Figure 1 shows some pictures of one leaf of V. tinus and V. vinifera at different values of RWC. This figure shows that the deformation of the leaves do not compromise the integrity of the ultrasonic measurement as the flatness of the measured areas remains rather unchanged.

FIGURE 1

Figure 1. Pictures of leaves of Viburnum tinus (left) and Vitis vinifera (right) at different values of RWC. The adaxial part of the leaf is showed up, while the abaxial is showed down.

Relative water content at state “i” was obtained from:

$RW{C}^i=\frac{M^i-M^{dry}}{M^{FT}-M^{dry}}(1)$

It is of interest to show the close relationship between RWC and the surface density measurements. It can be easily derived:

$RW{C}^i=\frac{{\mathrm{\rho }}_S^i{\mathrm{\epsilon }}^i-{\mathrm{\rho }}_S^{dry}{\mathrm{\epsilon }}^{dry}}{{\mathrm{\rho }}_S^{FT}-{\mathrm{\rho }}_S^{dry}{\mathrm{\epsilon }}^{dry}}(2)$

where ${\mathrm{\rho }}_S^i$ is the leaf surface density at state “i” and εⁱ = Sⁱ/S^FT, where S is the leaf surface, so εⁱ is the leaf lateral shrinkage, that is ε ≤ 1. In the case that leaf lateral shrinkage can be considered negligible (ε = 1), then Eq. 2 reduces to:

$RWC=\frac{{\mathrm{\rho }}_S-{\mathrm{\rho }}_S^{dry}}{{\mathrm{\rho }}_S^{FT}-{\mathrm{\rho }}_S^{dry}}(3)$

which is completely analogous to Eq. 1.

Leaf Thickness, Leaf Density, and Anatomical Images

Before each of the ultrasonic measurements, leaf thickness was measured using a micrometer. To obtain overall leaf surface density and volumetric density (ρ_S and ρ, respectively) two circles of 15 mm diameter were cut from each leaf by using a punch holder. Excised disks were weighed and thickness measured using a micrometer at 5 different locations to get an average value.
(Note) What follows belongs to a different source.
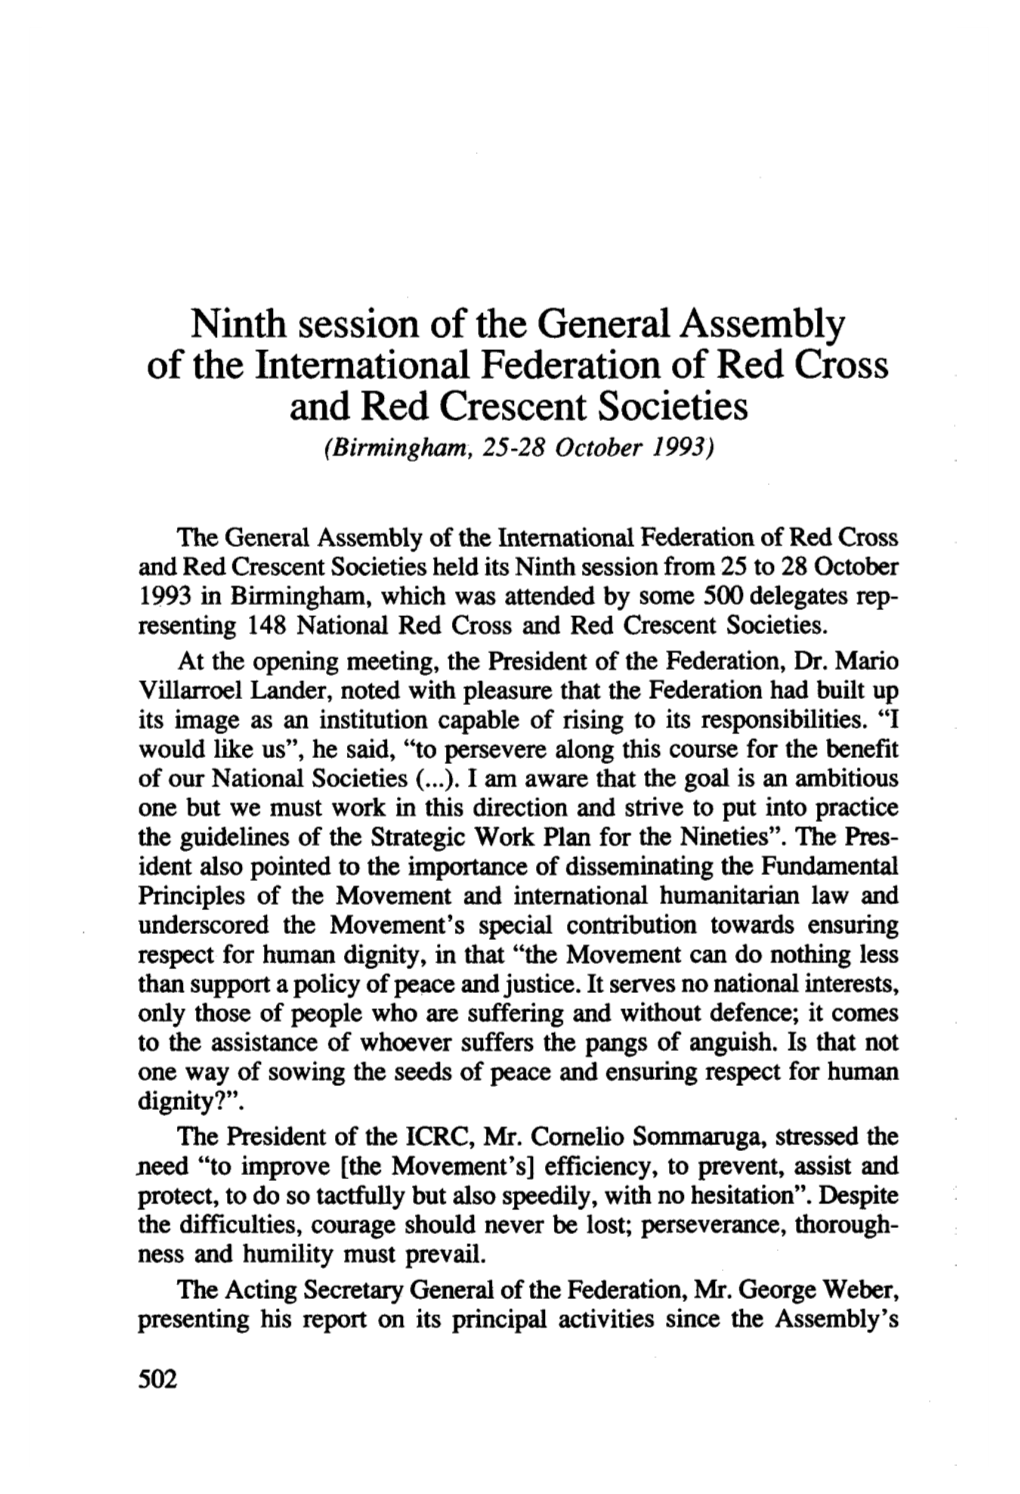 Ninth Session of the General Assembly of the International Federation of Red Cross and Red Crescent Societies (Birmingham, 25-28 October 1993)

Both optical and cryo-SEM images of the leaves cross section were obtained for the three species at full turgor. In addition, cryo-SEM images of V. tinus leaves at different levels of water potential, measured by using a pressure chamber, were also obtained. Optical images of the leaf cross section were obtained by cutting the leaves into two cross-sections (0.2–0.3 mm apart) with a scalpel and the aid of a dissecting microscope. Then, a camera coupled to a light microscope was used to capture the leaf cross-sections which were later analyzed using ImageJ to obtain the total leaf thickness and the thicknesses of both palisade and spongy parenchyma. The purpose of obtaining cross-section images of the studied leaves was two-fold:

1. To show that the acoustic two-layers model for the leaves is a sensible one and to identify what is the relationship between the layers in the acoustic model and the actual layers of tissue in the leaves.

2. To get some insight into the modifications of these layers with leaf thickness (L. lucidum) and with water content (V. tinus), so that it is possible to infer some information about what modification can be expected in the surface density of the different layers.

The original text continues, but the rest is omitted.